For college students living away from home, that means at school. Students living in college housing before the pandemic mostly are being counted by their schools, but it’s confusing for those living off campus who have moved back in with their parents. For graduating seniors, the uncertainty is compounded because they’re not returning to campus. The bureau says they should still be counted at school.
Jake Mershon, who just finished his sophomore year at Florida State University in Tallahassee, moved back in with his mother, her fiance and his sister in Atlanta after on-campus classes shut down in mid-March. His mother included him on the census form for her household, and neither Mershon nor his three roommates filled out a questionnaire for their Tallahassee apartment.
“She was like, ‘Of course, I’ll count you here,’” Mershon said. “There’s no way I will be counted in Tallahassee because of everything going on.”
The pandemic has forced the Census Bureau to push back its deadline for finishing the 2020 count from the end of July to the end of October. The bureau also is asking Congress for permission to delay deadlines next year for giving census data to the states so they can draw new voting maps. The 2020 census will determine how many congressional seats each state gets as well as how some $1.5 trillion in federal spending is doled out.
“It’s hard to think of another census when there’s been this disruption nationwide,” said D’Vera Cohn, a census expert at the Pew Research Center. “Certainly, there have been hurricanes or other national disasters that have displaced people, but this particular set of circumstances seems to be unique, being nationwide.”

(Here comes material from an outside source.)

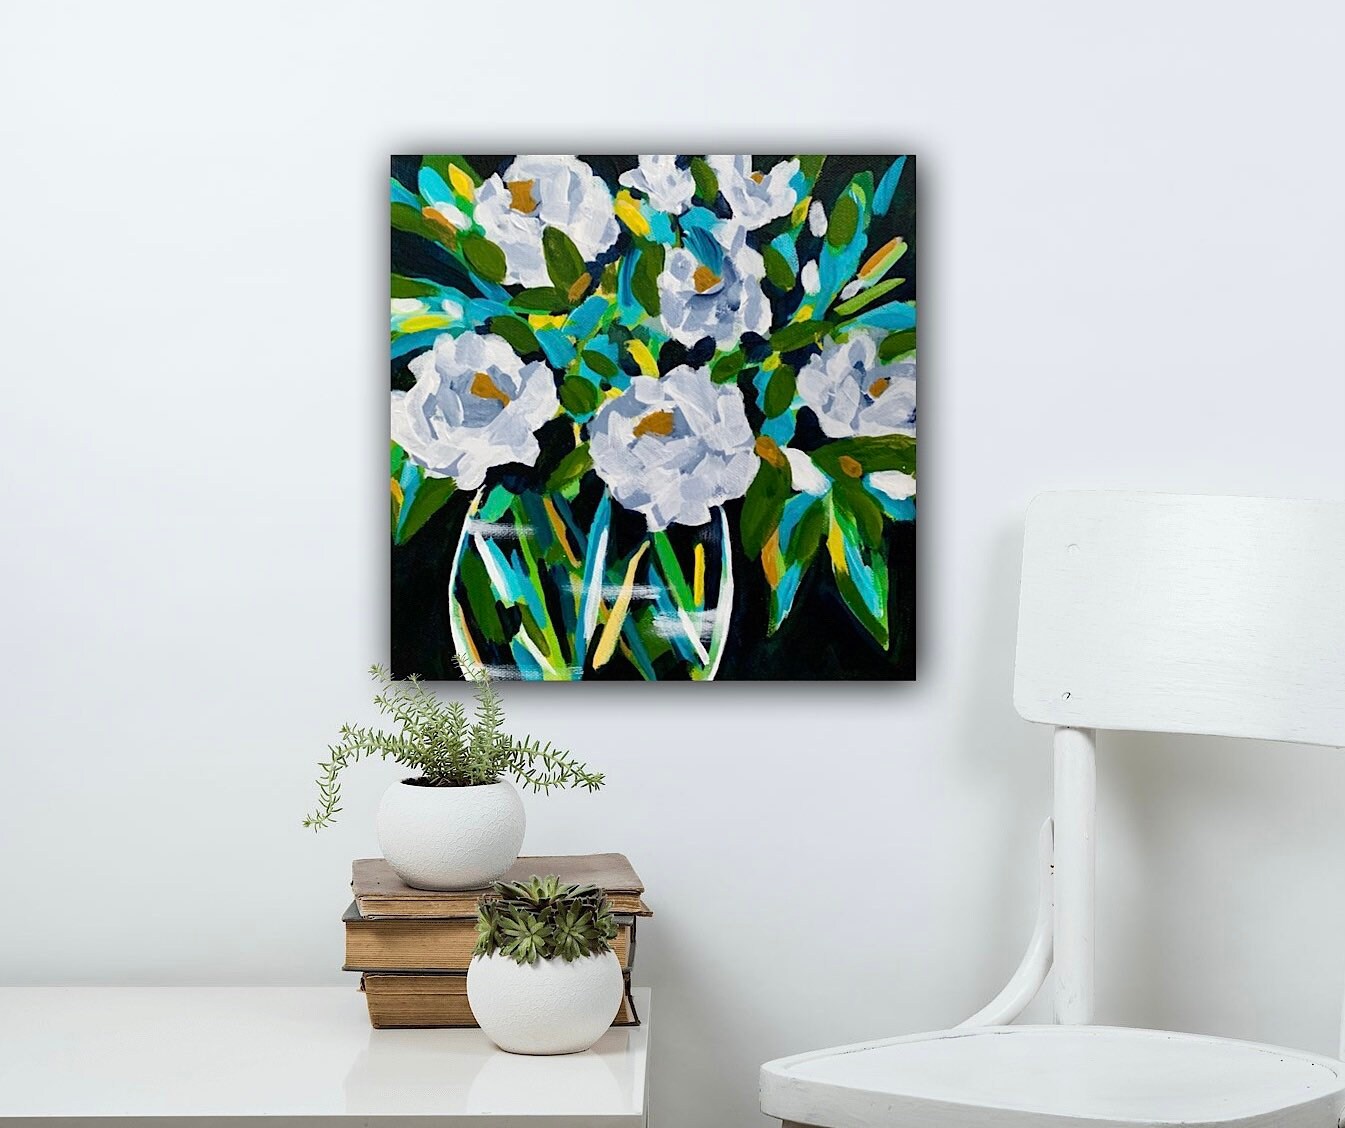 White flowers in vase classical painting Garden decor Eye catching color botanical design Nature home accent Feminine decor

As lockdowns started in mid-March, Shana Roen left her apartment in Atlanta for her parents’ home in Orlando, Florida, remembering to bring her census notice. She filled out the form online at the end of April before heading back to Georgia, where stay-at-home restrictions were loosening before the rest of the U.S.
“I came down to Florida to be around family and do stuff for my parents and be with somebody rather than by myself in my apartment,” Roen said. “But I put myself down as a Georgia resident.”